• WHAT YOU WILL DO:
Would you transcribe the records below from the line with "Pierre Cardin Damen-Ring" to the line with "Niagara Falls Road", ends included, exactly and with nothing more, leaving the pictures out?

• MATERIAL SUPPLIED:
---

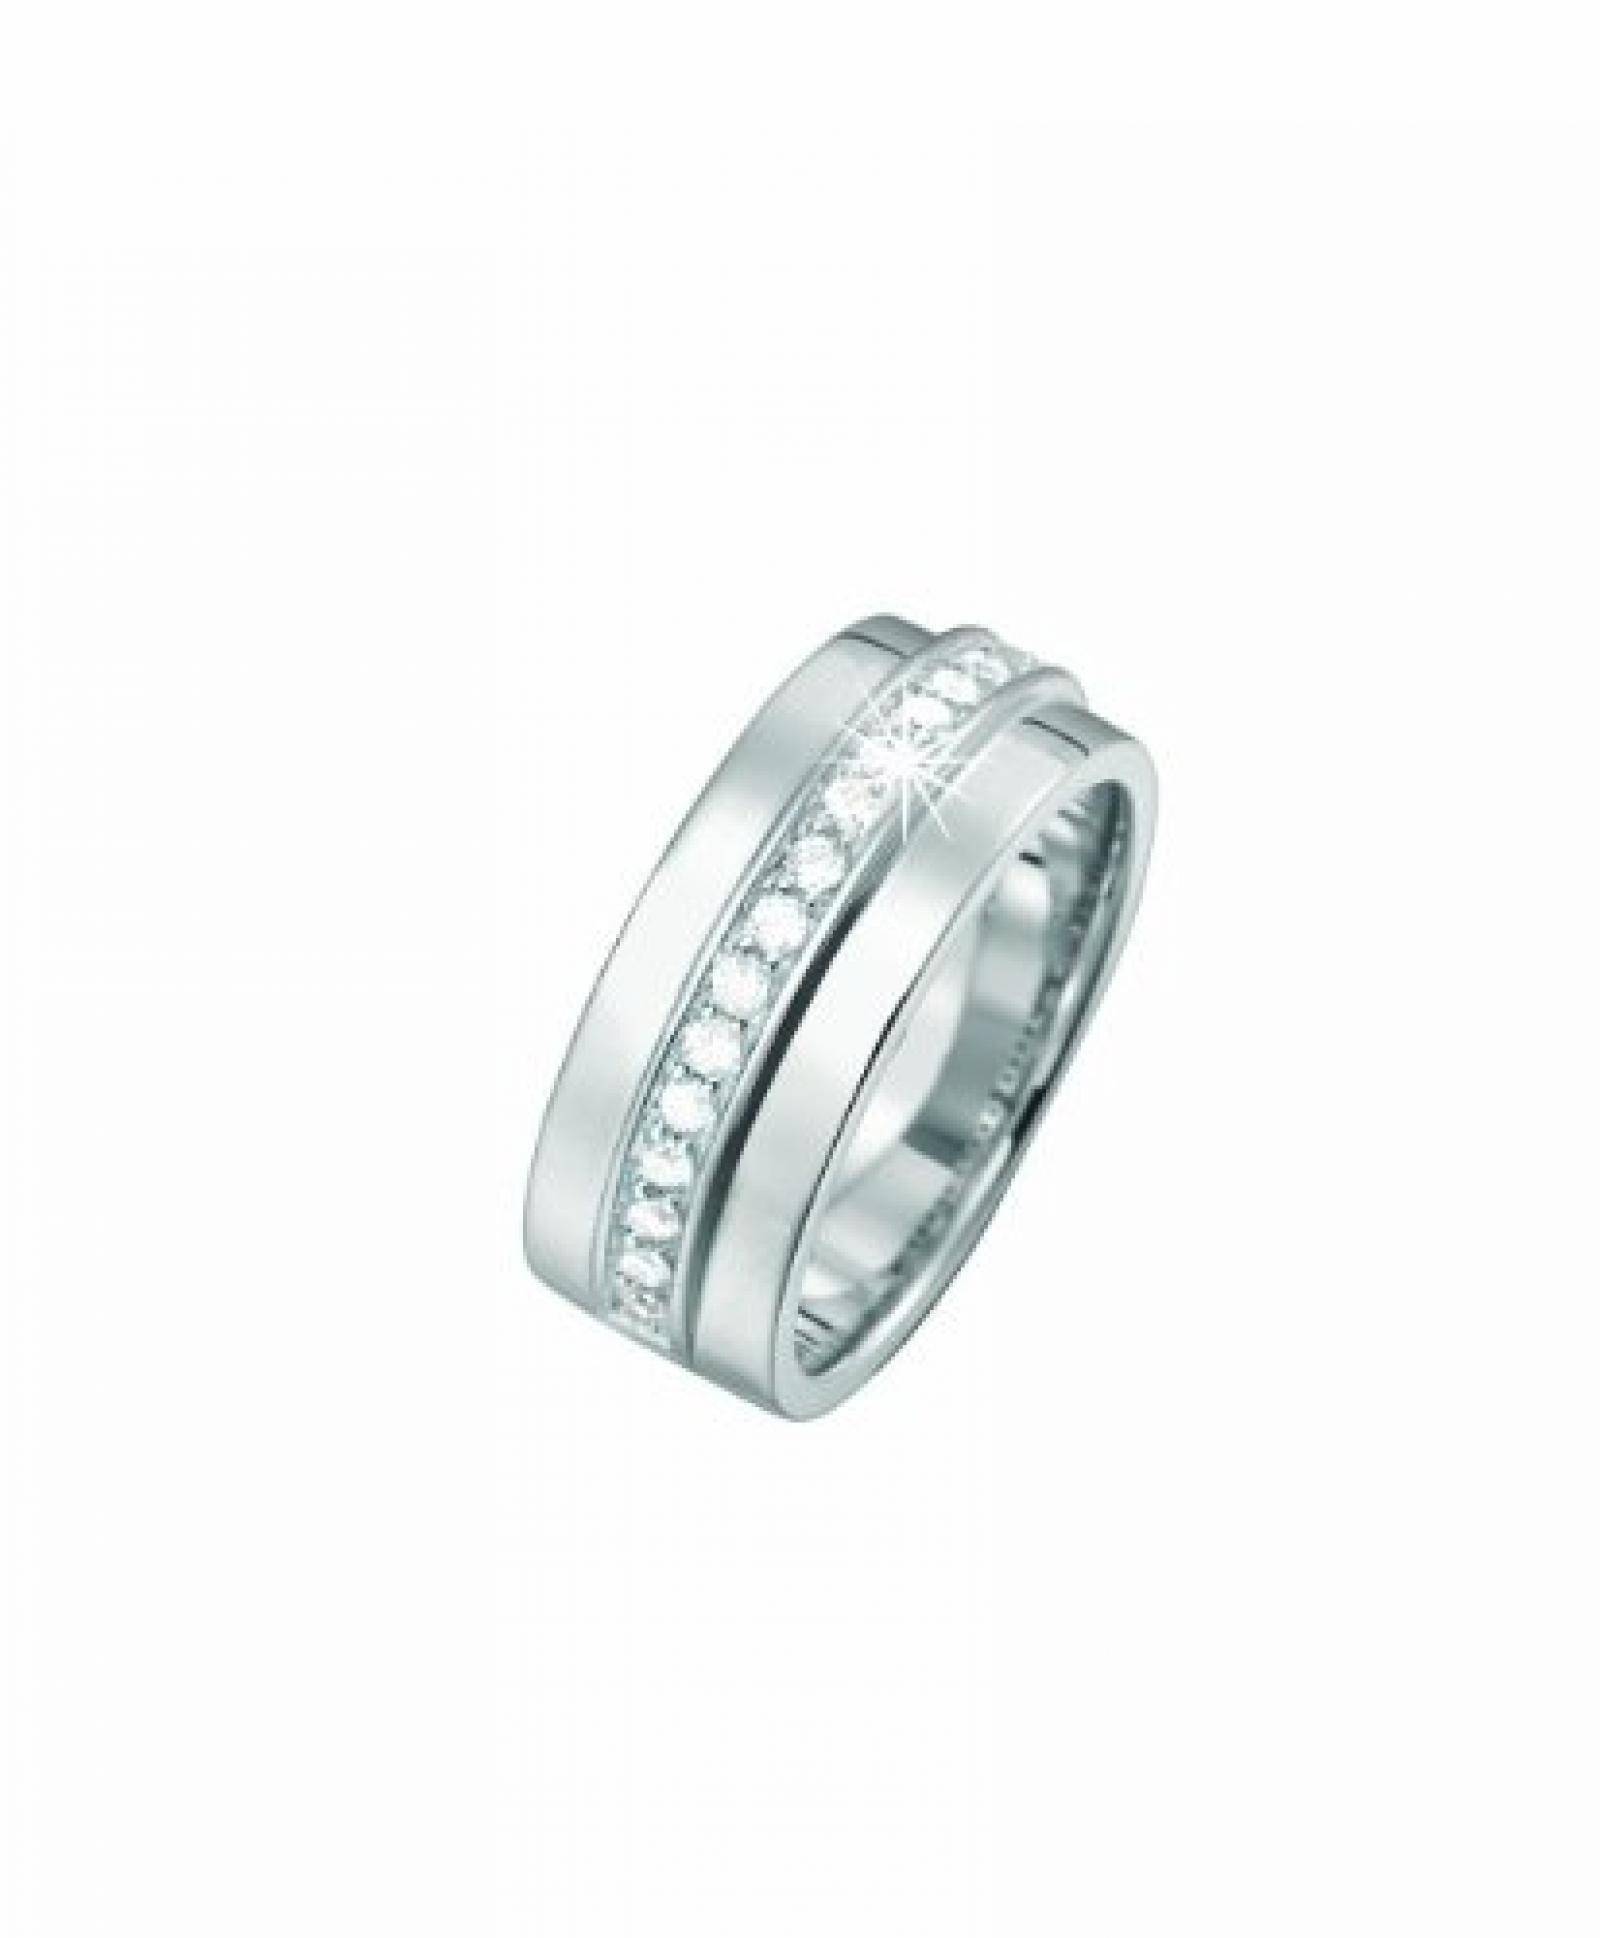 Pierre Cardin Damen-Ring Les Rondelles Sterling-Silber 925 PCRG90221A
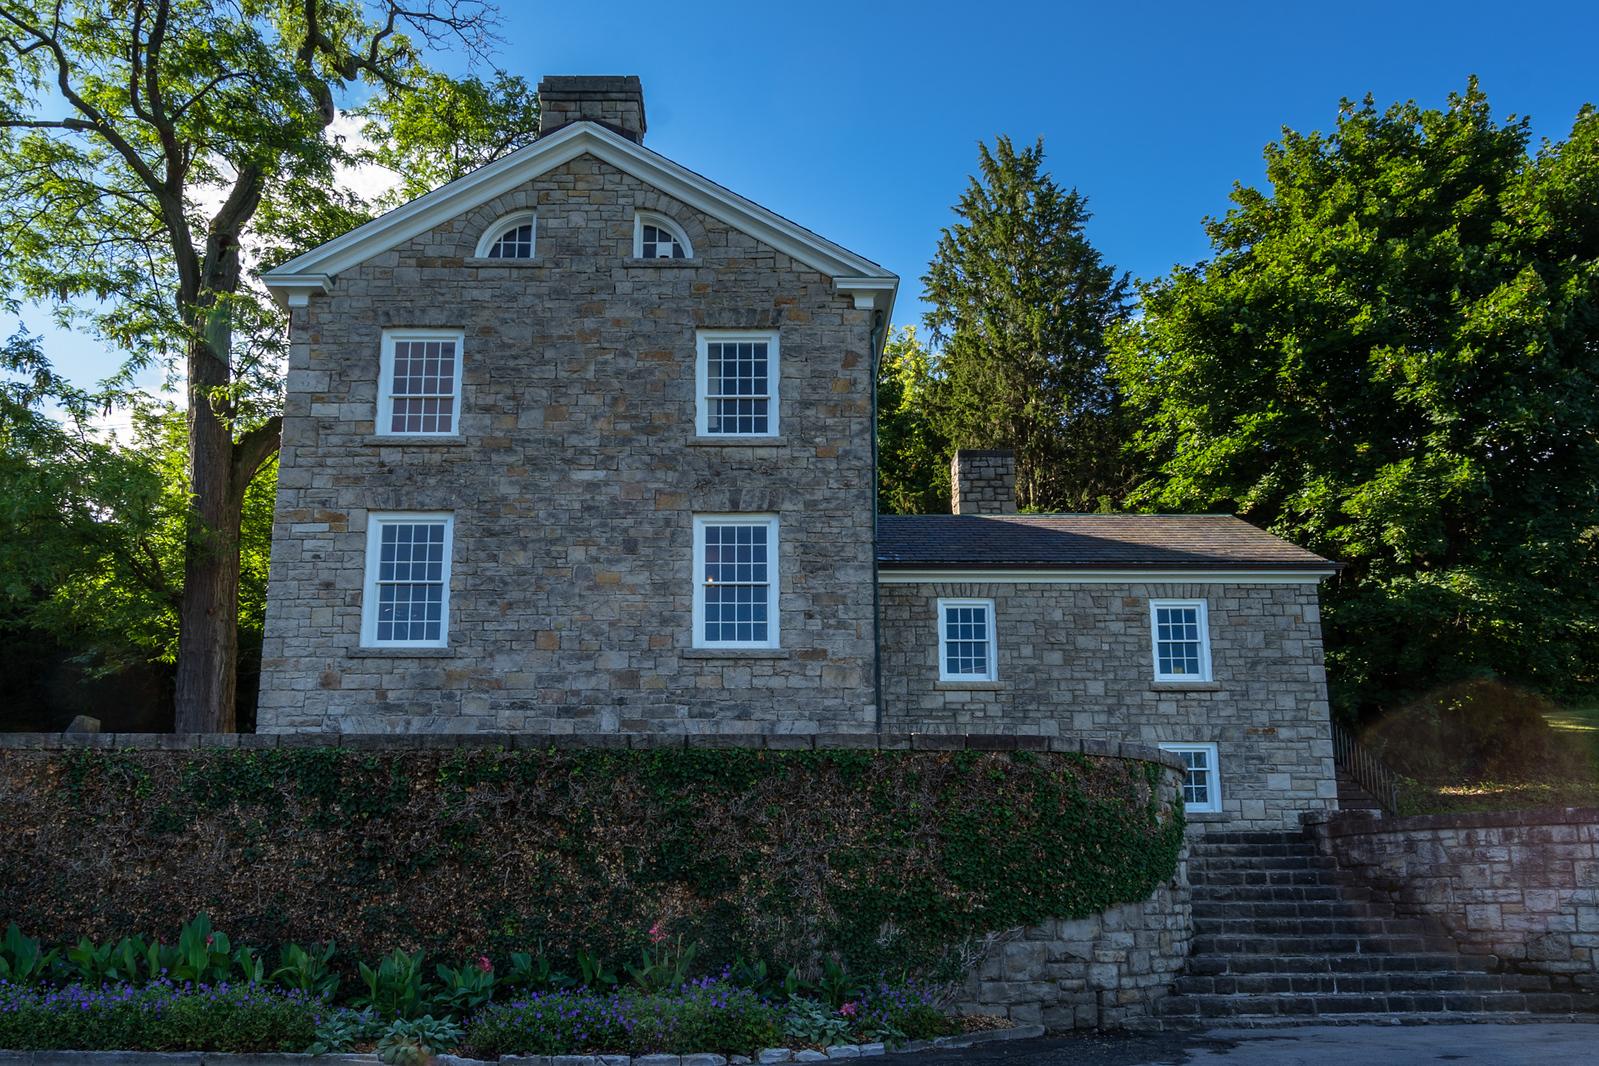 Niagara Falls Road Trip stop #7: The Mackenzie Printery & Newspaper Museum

---

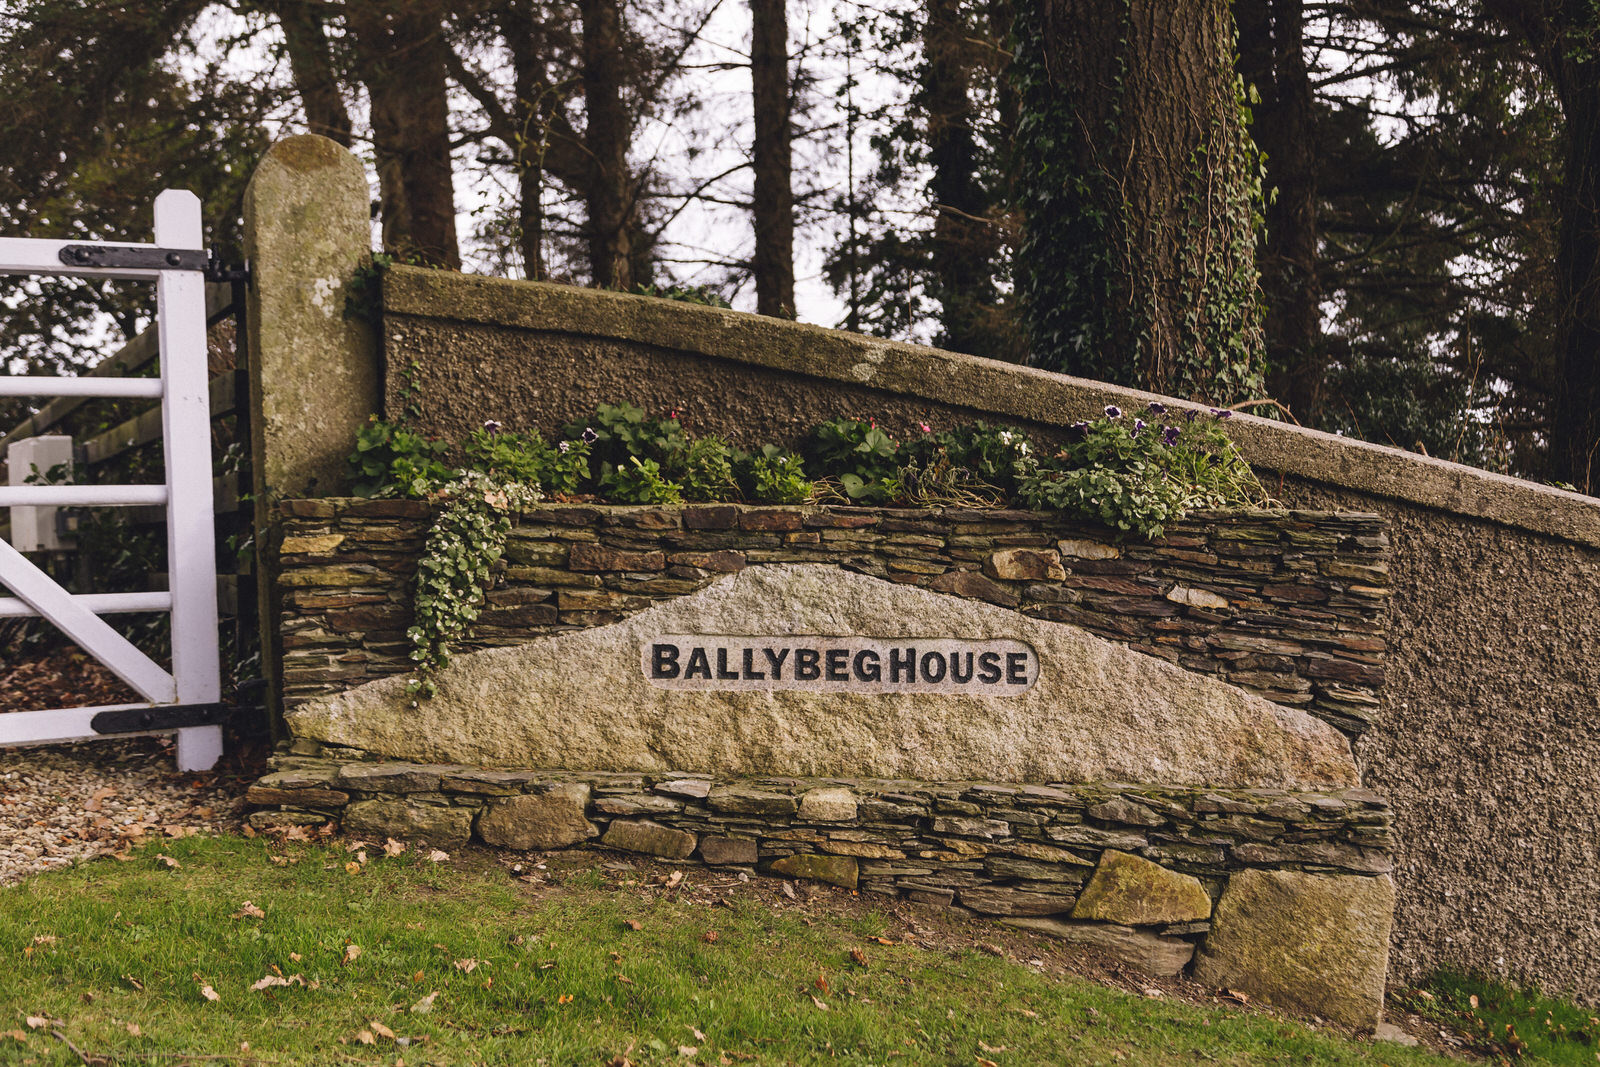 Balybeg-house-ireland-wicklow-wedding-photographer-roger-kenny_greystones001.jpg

---

• SOLUTION FOR THIS EXERCISE:
 Pierre Cardin Damen-Ring Les Rondelles Sterling-Silber 925 PCRG90221A
 Niagara Falls Road Trip stop #7: The Mackenzie Printery & Newspaper Museum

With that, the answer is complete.